#### YOUR OBJECTIVE
Return the full listing unchanged, excluding any images it contains.

··· DATASET CONTENT ···

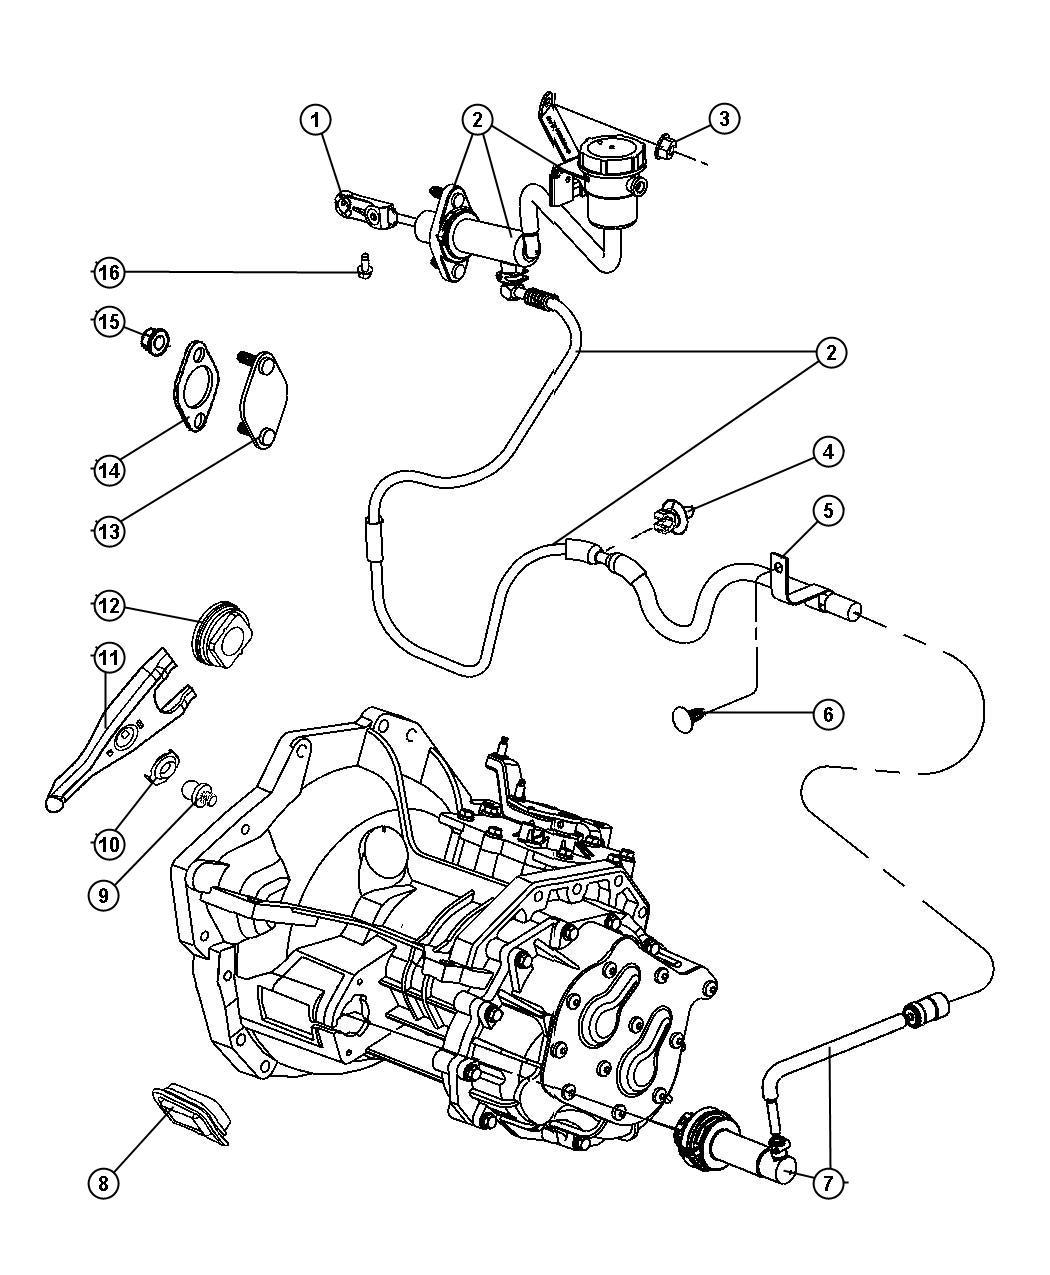 2005 Dodge Neon Transmission Diagram
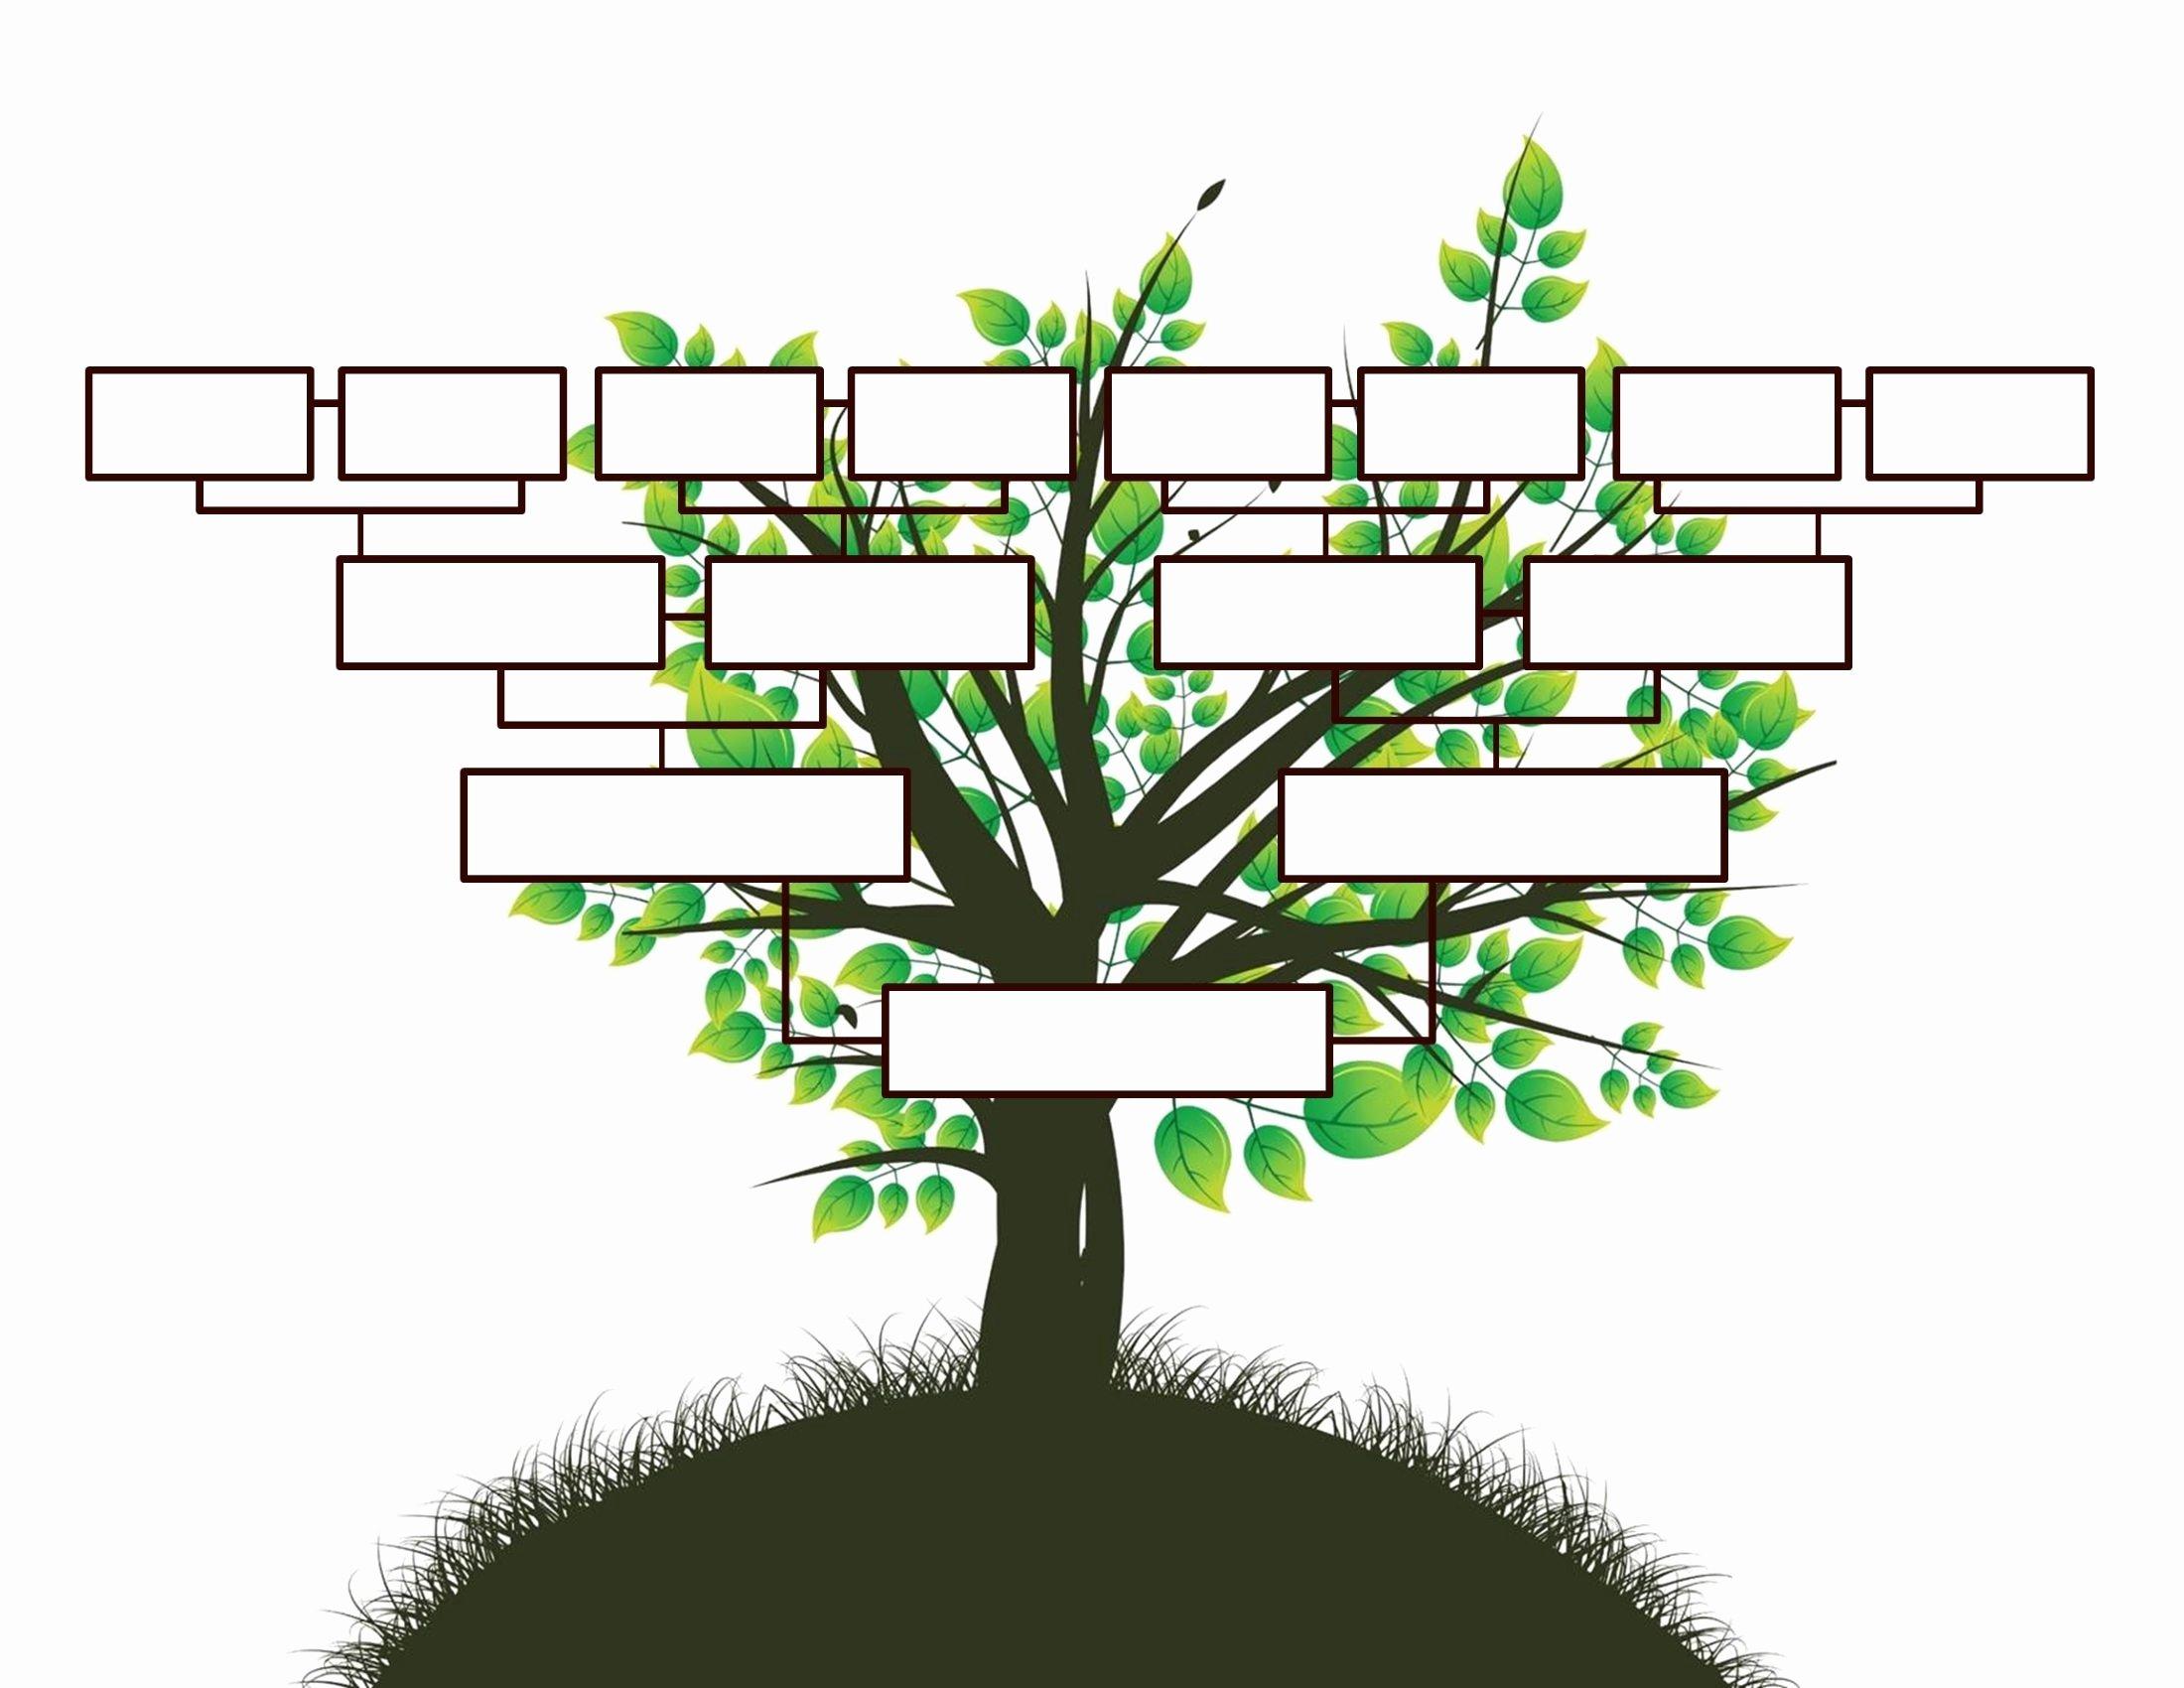 Family Health Tree Template Lovely Free Editable Family Tree Template Daily Roabox
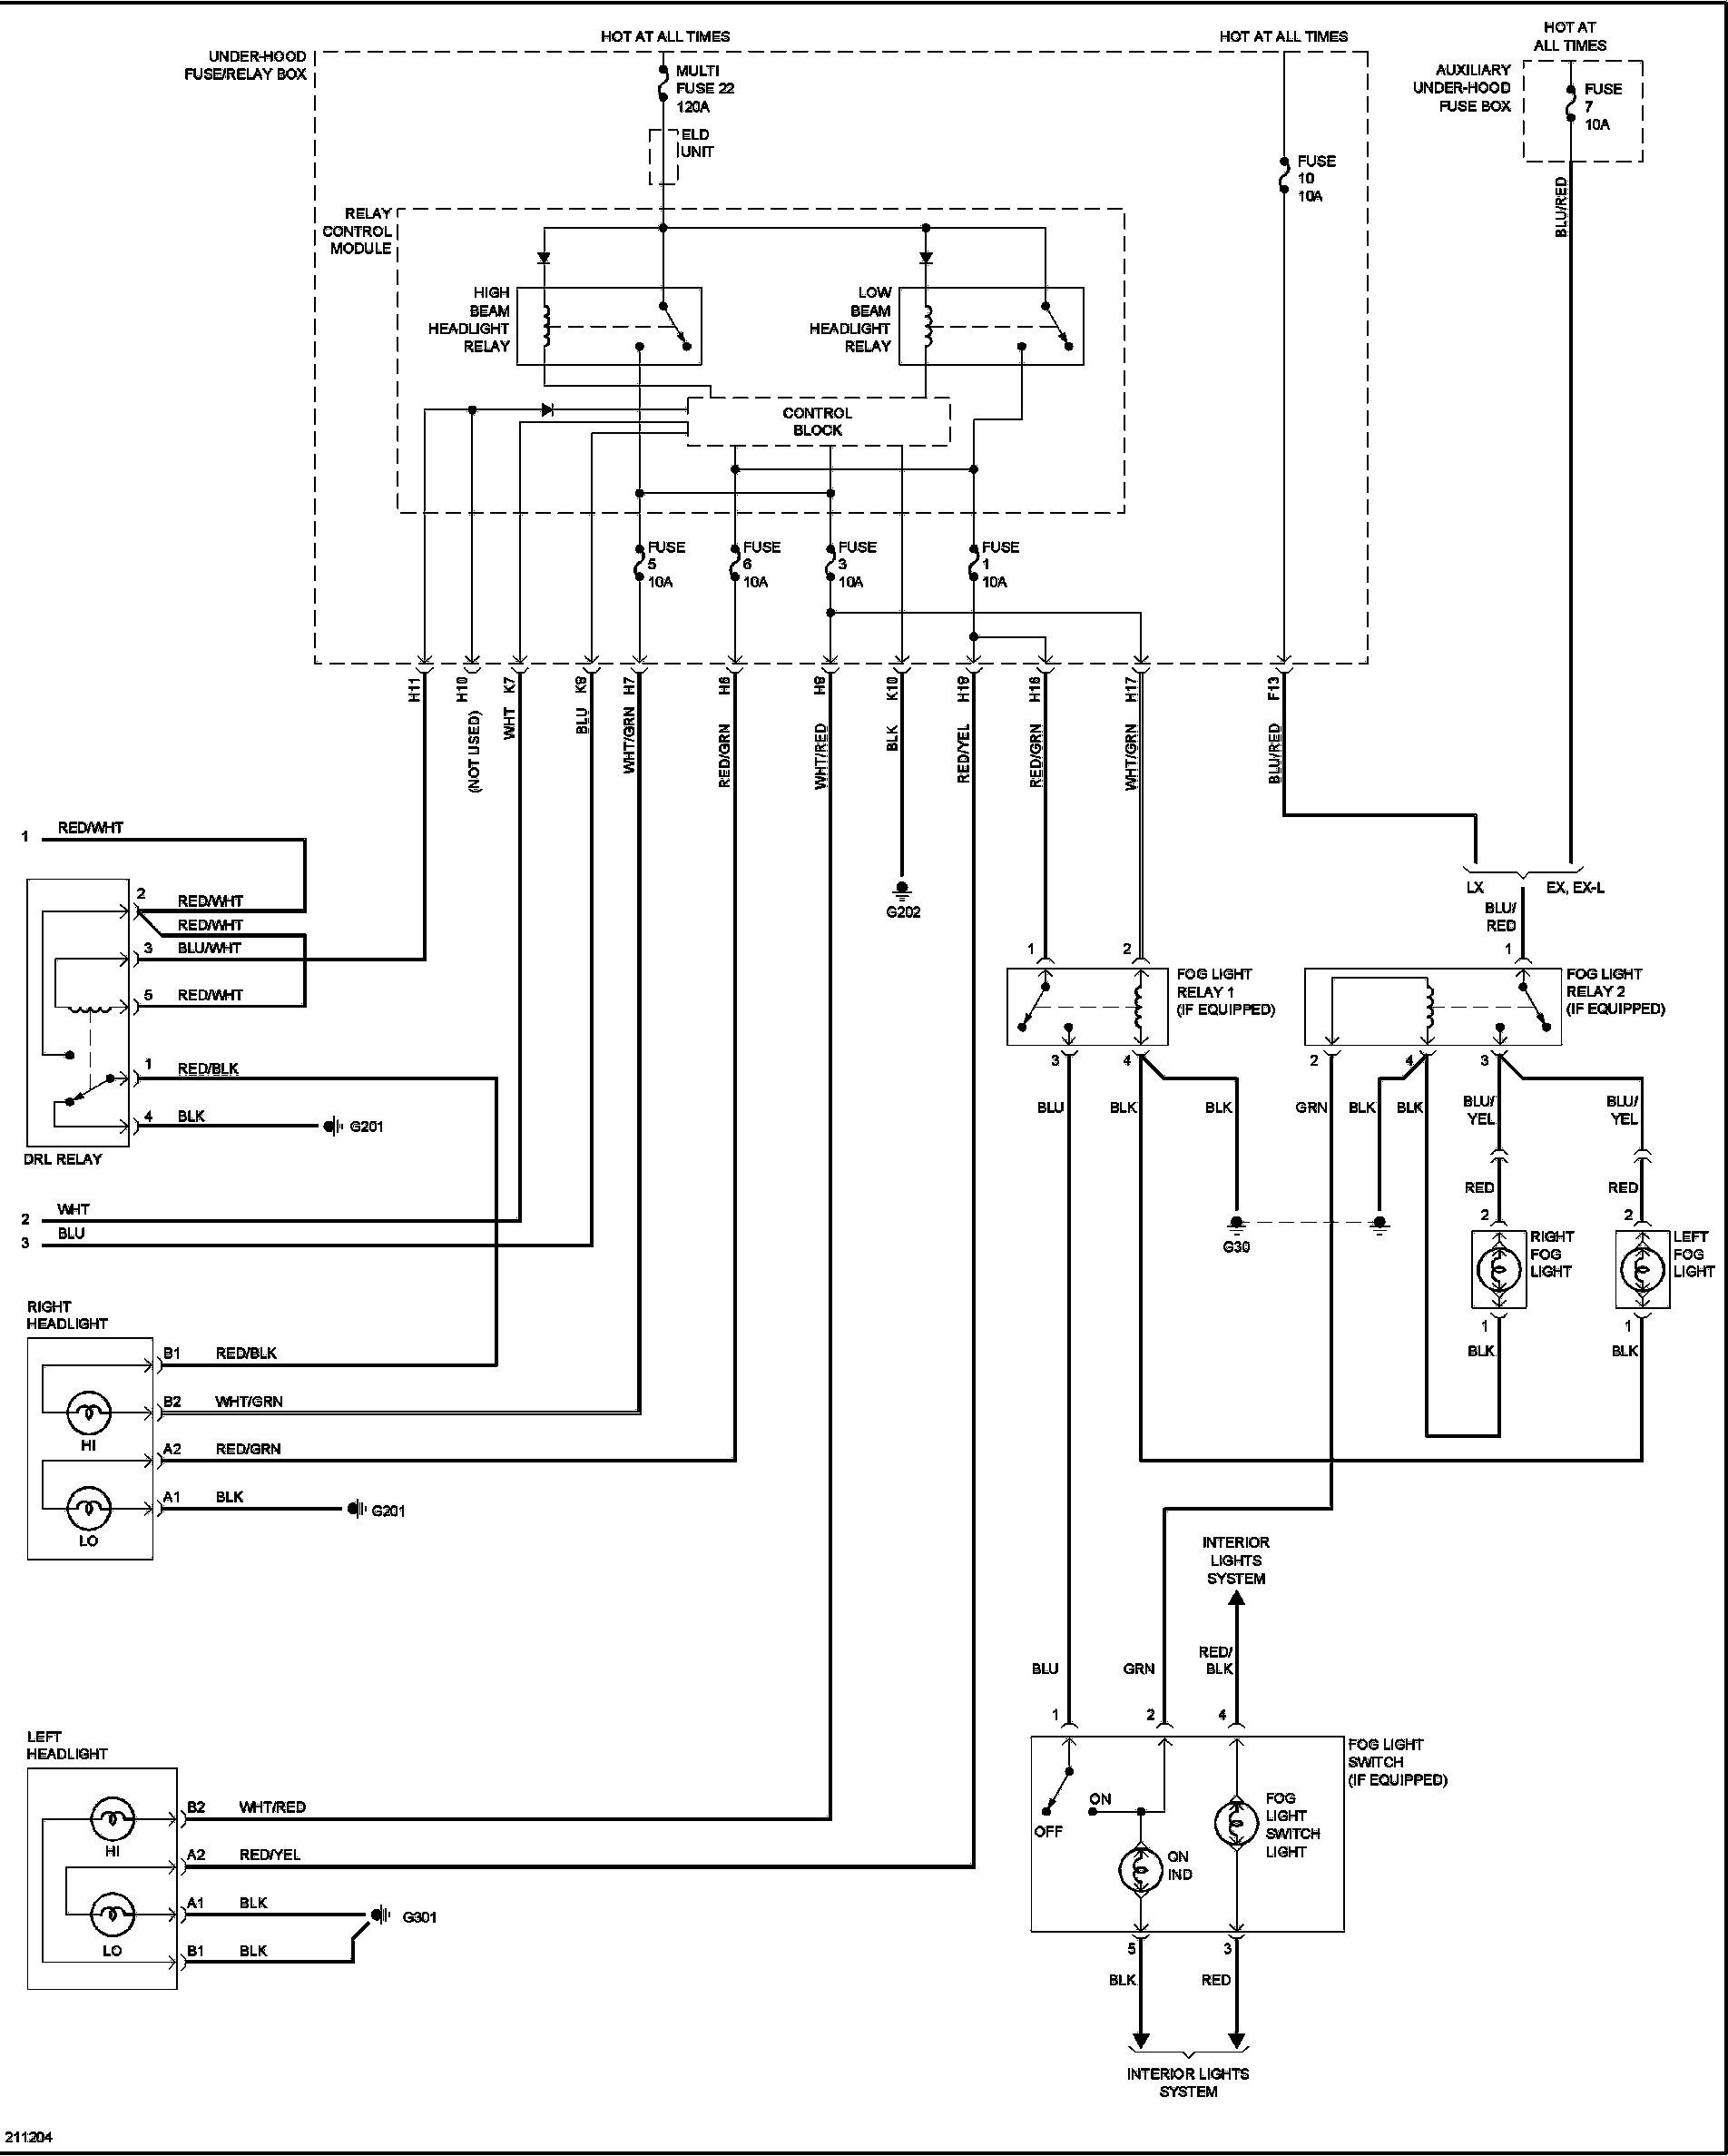 2000 Honda Civic Wiring Diagram 2000 Honda Civic Ac Wiring Trusted Wiring Diagrams • Of 2000 Honda Civic Wiring Diagram

···

#### ANSWER FOR THE TASK
 2005 Dodge Neon Transmission Diagram
 Family Health Tree Template Lovely Free Editable Family Tree Template Daily Roabox
 2000 Honda Civic Wiring Diagram 2000 Honda Civic Ac Wiring Trusted Wiring Diagrams • Of 2000 Honda Civic Wiring Diagram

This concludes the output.